__Task statement__
Give an exact copy of the data that follows, but none of its pictures.

__Supplied material__

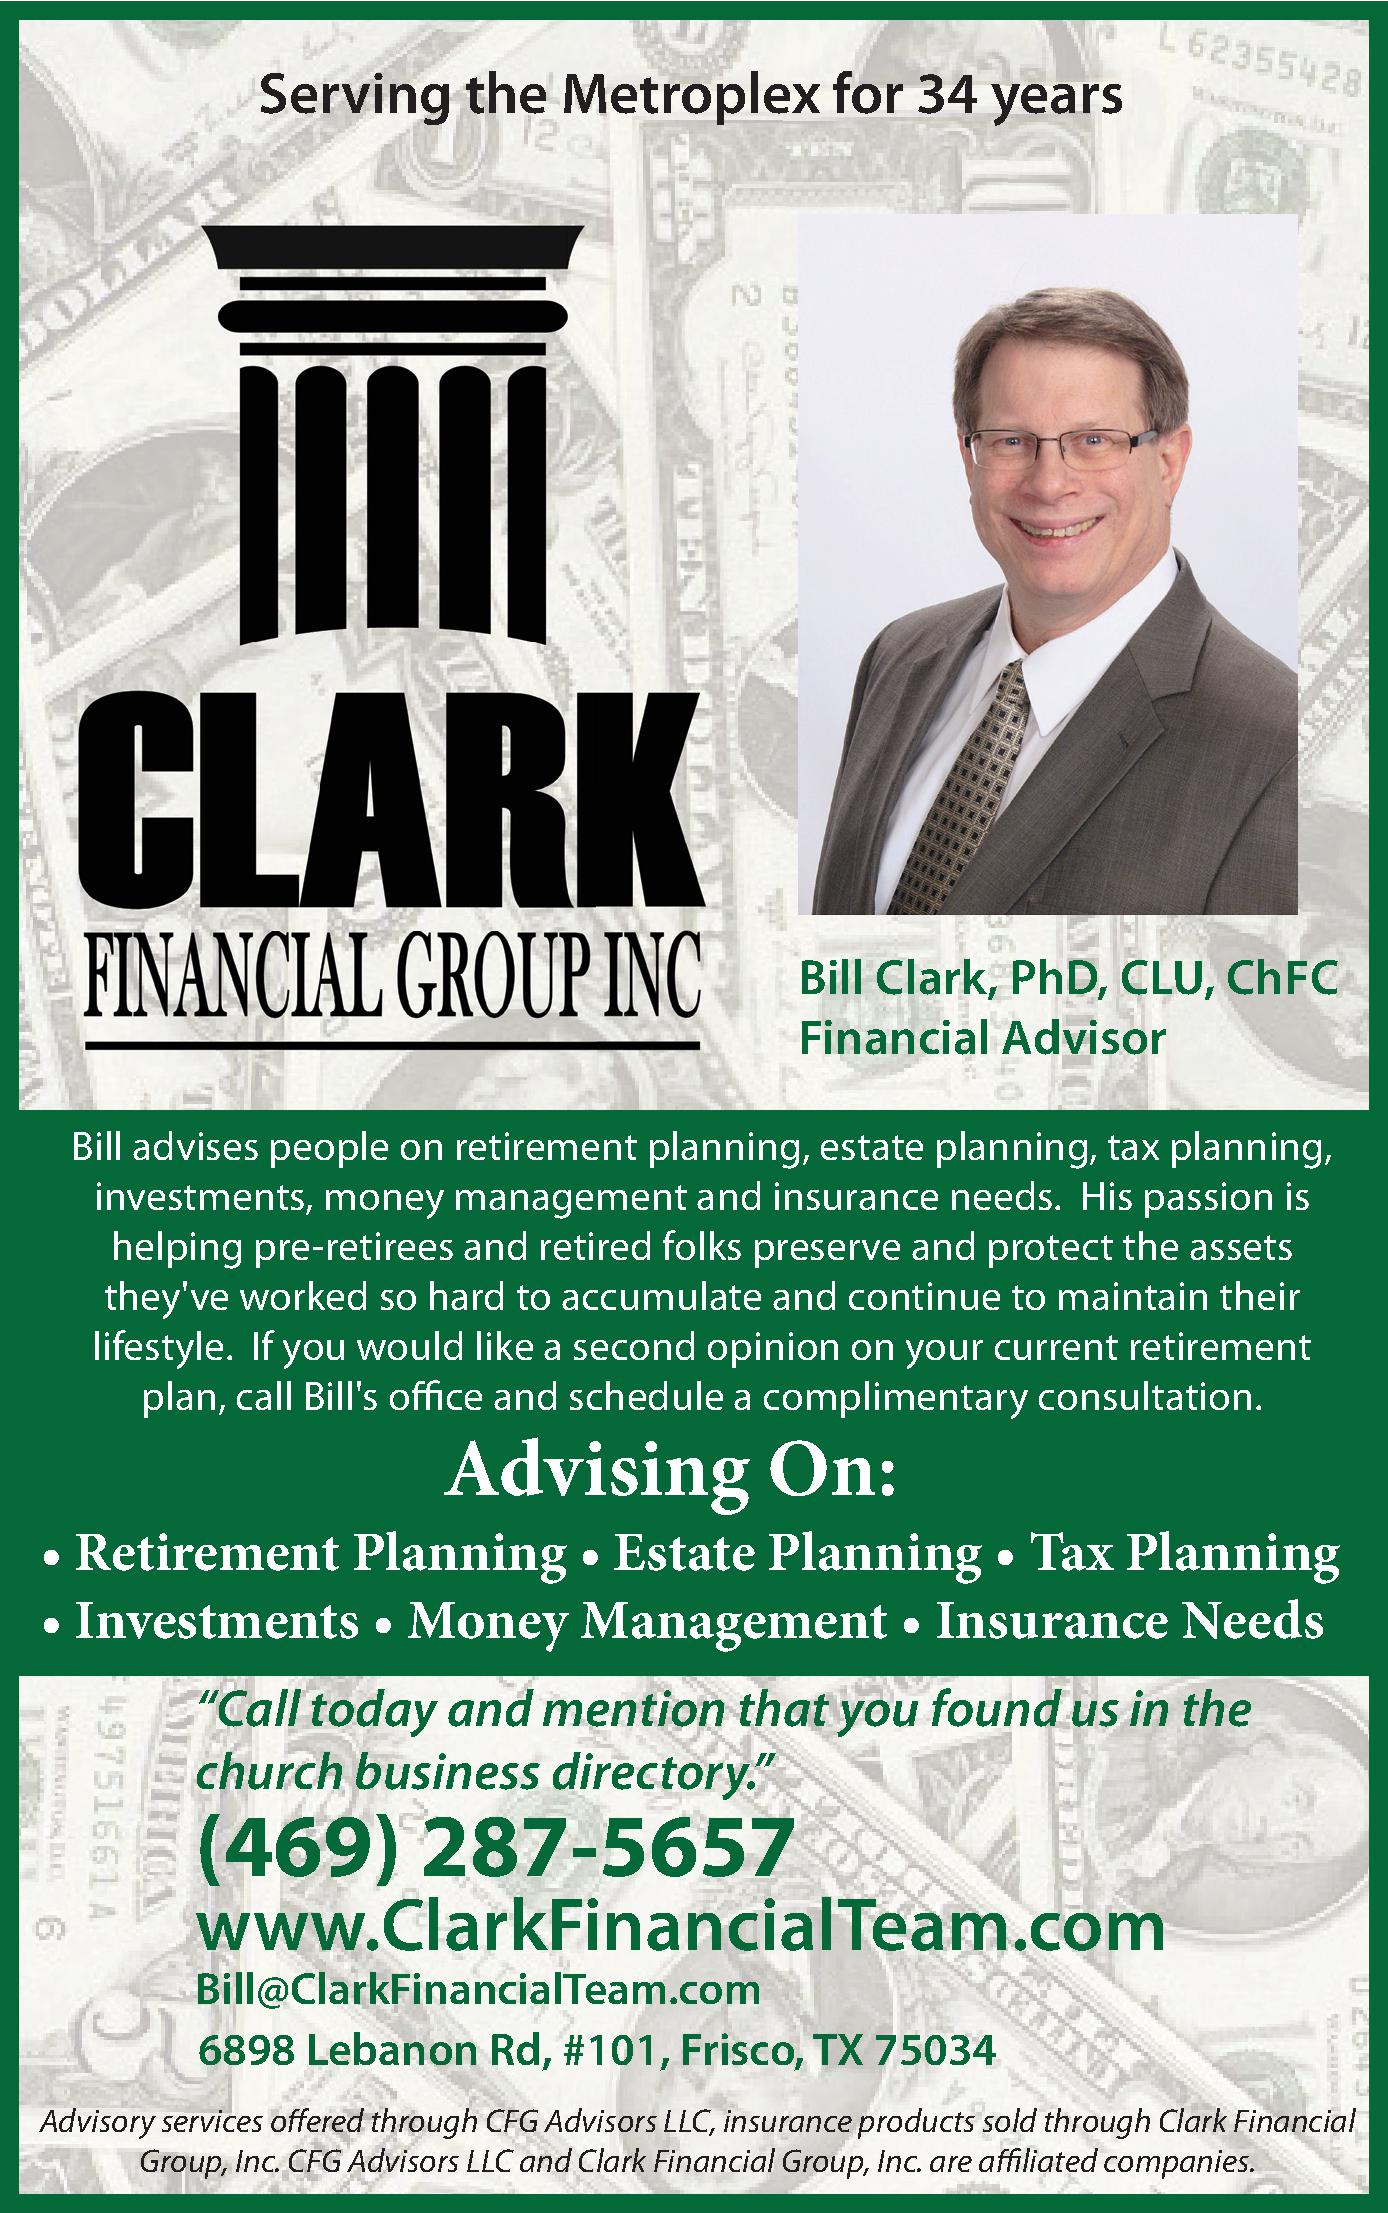 Clark Financial Group
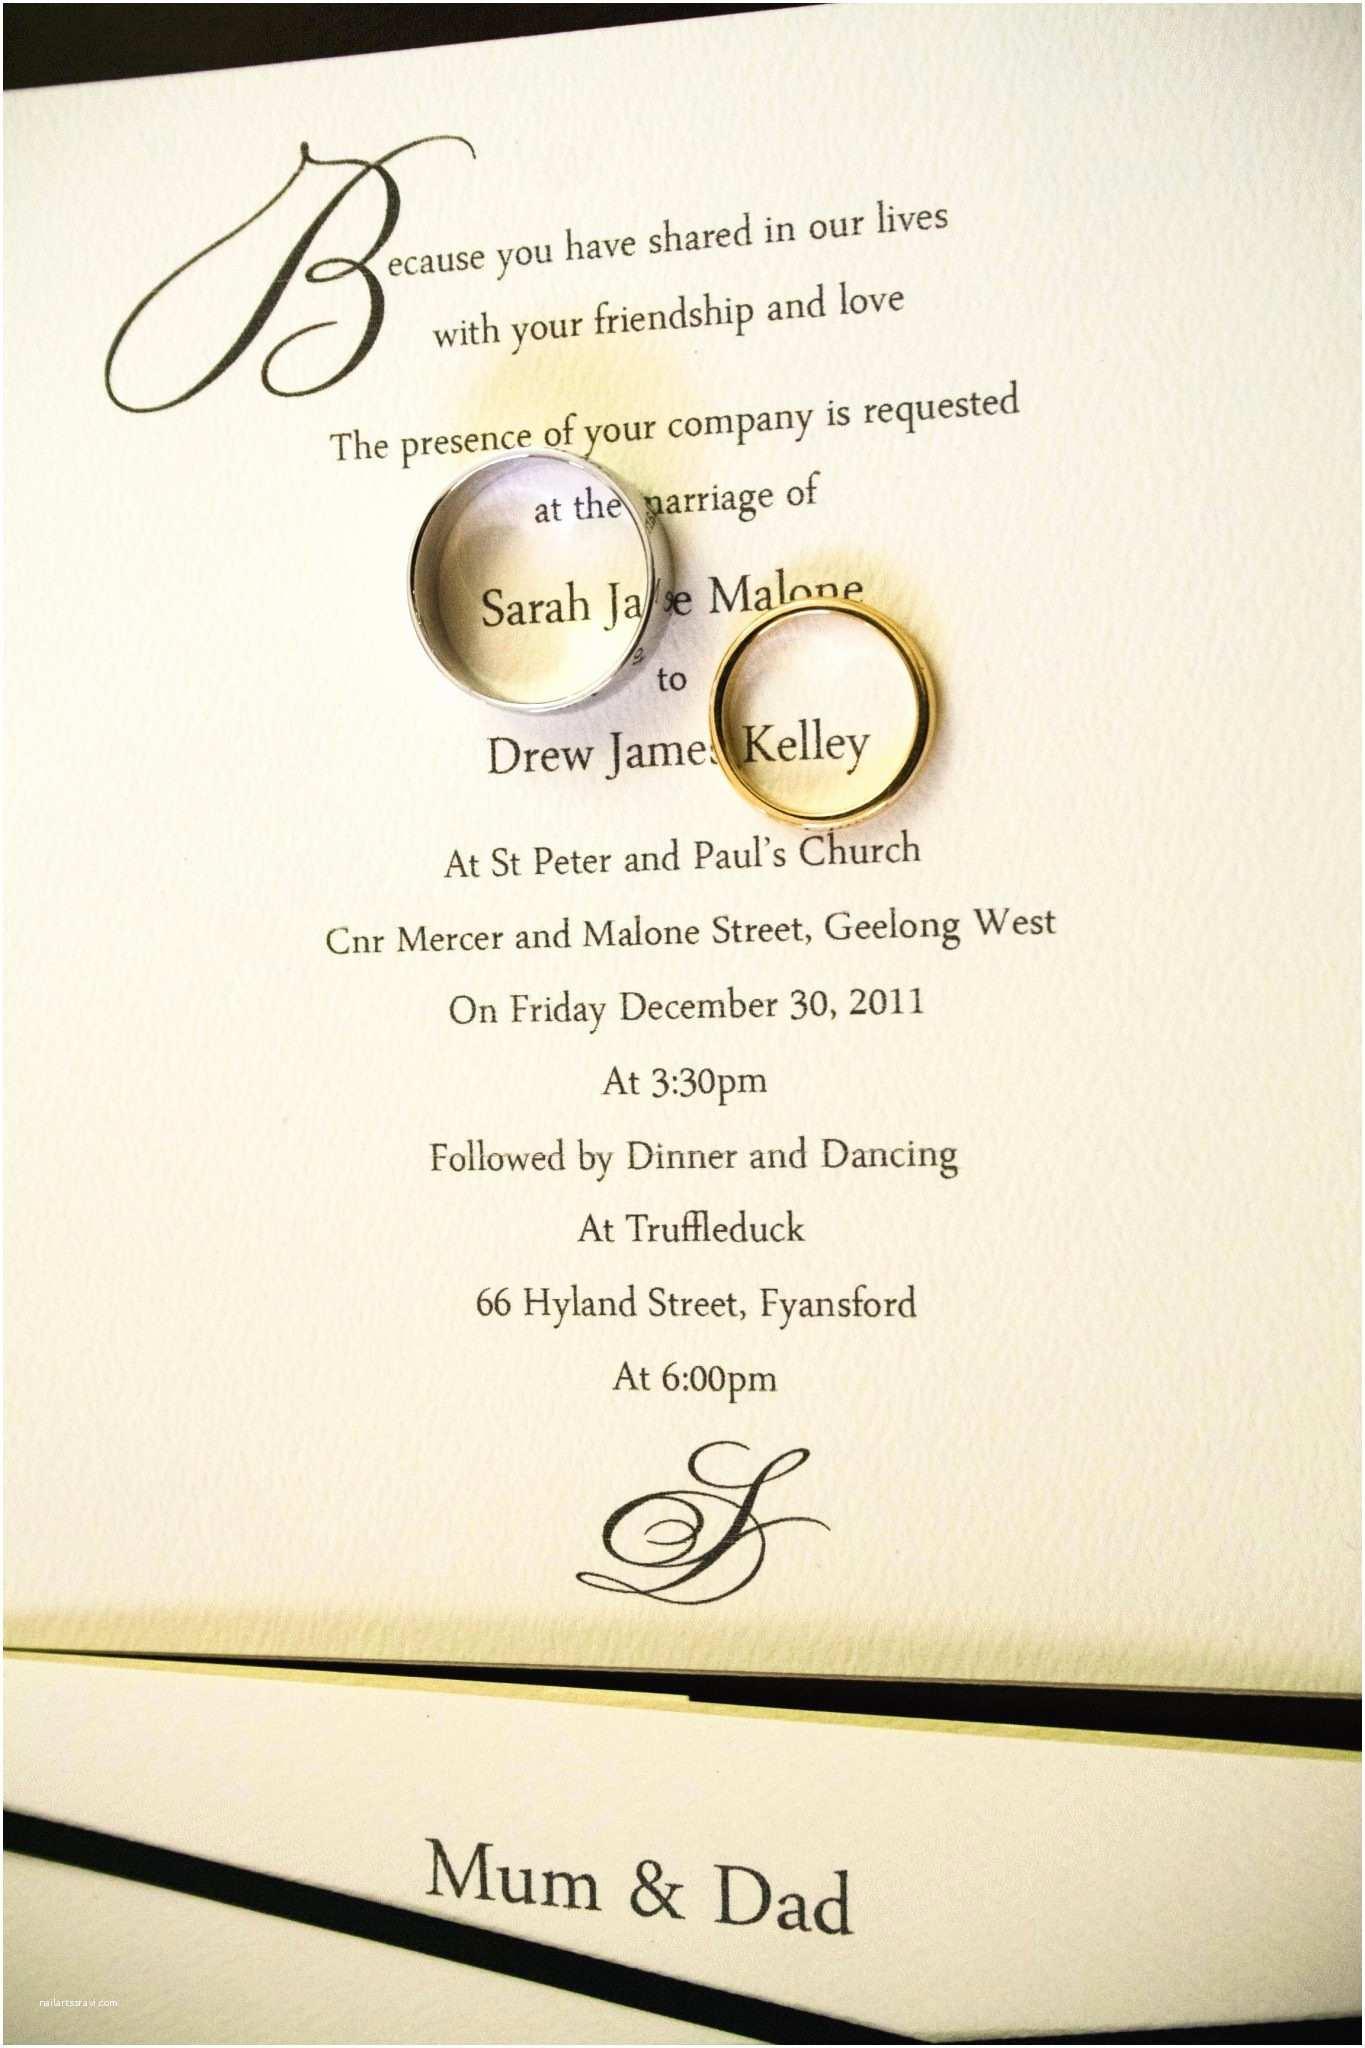 Wedding Invitation Maker with Photo Wedding Invitation Makers In Cumbria Tags Invi and
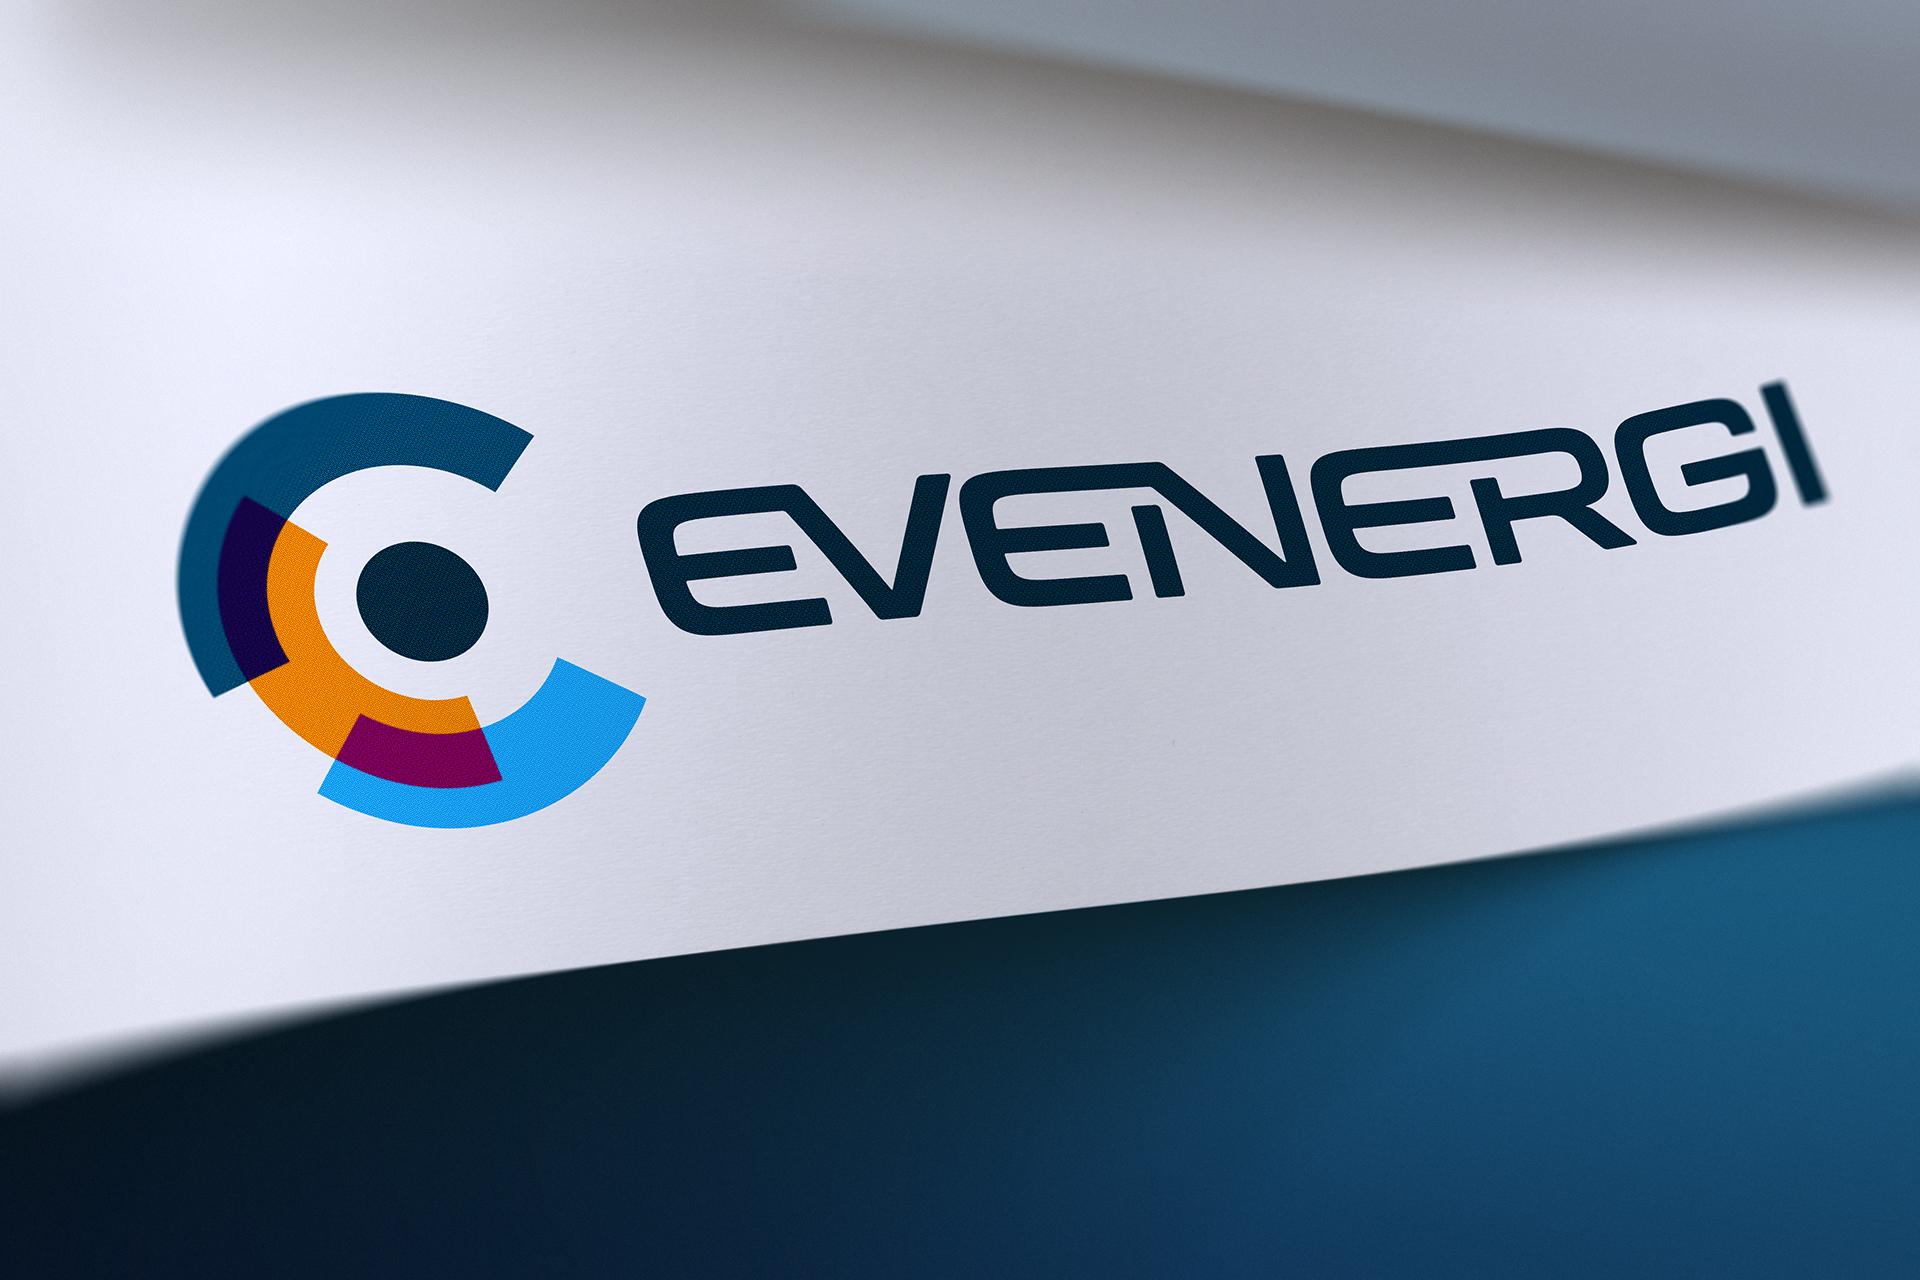 The Evenergi renewables brand represents a contemporary next generation automotive identity, built for the future.

__Output of the exercise__
 Clark Financial Group
 Wedding Invitation Maker with Photo Wedding Invitation Makers In Cumbria Tags Invi and
 The Evenergi renewables brand represents a contemporary next generation automotive identity, built for the future.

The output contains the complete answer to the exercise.